Weighing In: On Inflation

Since food and energy typically represent a higher percentage of commodity indices than of the CPI, one dollar of investment in a commodity index provides a basis for more than one dollar’s worth of inflation protection. In this chart, the inflation beta can be interpreted as a 1% increase in inflation results in 11.0% increase in return of the DJCI and a 15.3% increase in return of the S&P GSCI during the period from 2000 through 2013.  

Notice the S&P GSCI increase in inflation beta of the S&P GSCI from 2.8 to 13.0 in the time period that starts in 1971 versus the time period starting in 1987. This increase is directly from the addition of oil into the index and is no surprise since energy is the most volatile component of CPI and energy is used to produce every other commodity.
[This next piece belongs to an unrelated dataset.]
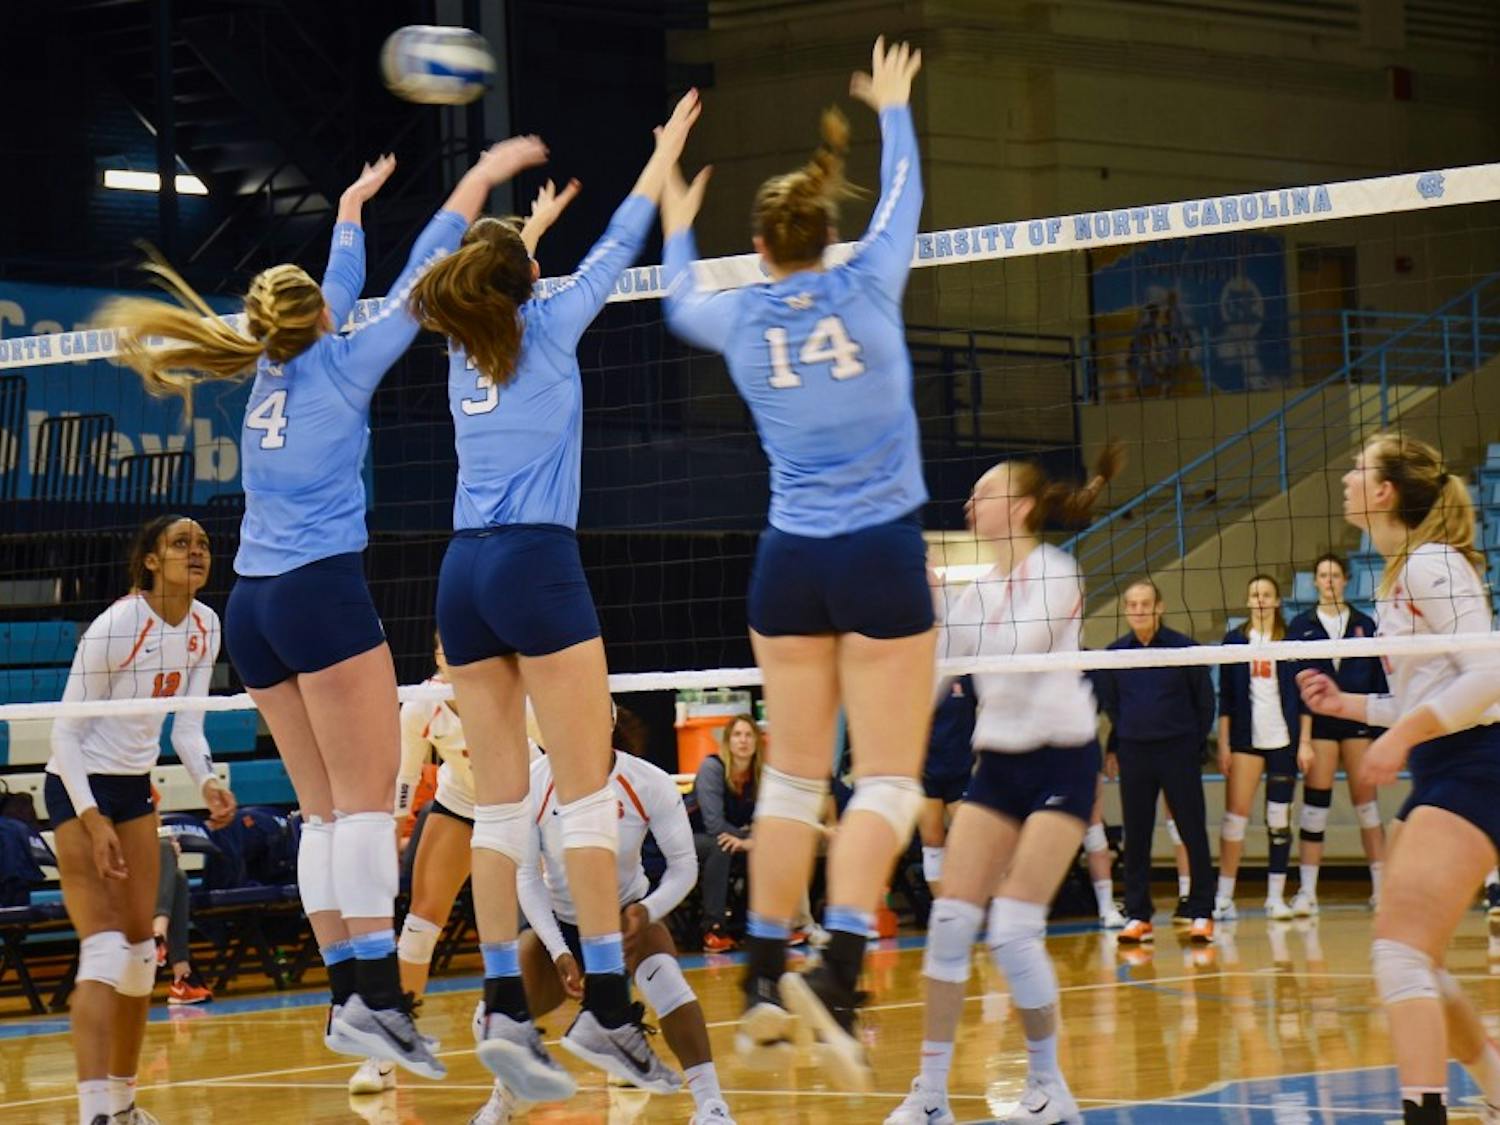 North Carolina hitters Taylor Borup (4), Beth Nordhorn (3) and Madison Laufenberg (14) elevate for a block against Syracuse on Sunday afternoon in Carmichael Arena.

The world production weighting scheme of the S&P GSCI that yields a higher energy weight results in a greater inflation beta than the DJCI, though the inflation betas of over 10.0 from the DJCI are significant.

This also holds true for inflation betas around the world, except in places where the prices are independent of the economy. For example, the Mexican government sets the price of gasoline so returns of commodity indices are not considered an inflation hedge against changes in Mexican CPI. This is shown in the chart below:

Overall, from the analysis, both the S&P GSCI and the DJCI are strong inflation protectors. However, the S&P GSCI is a stronger inflation hedging tool given its energy weight.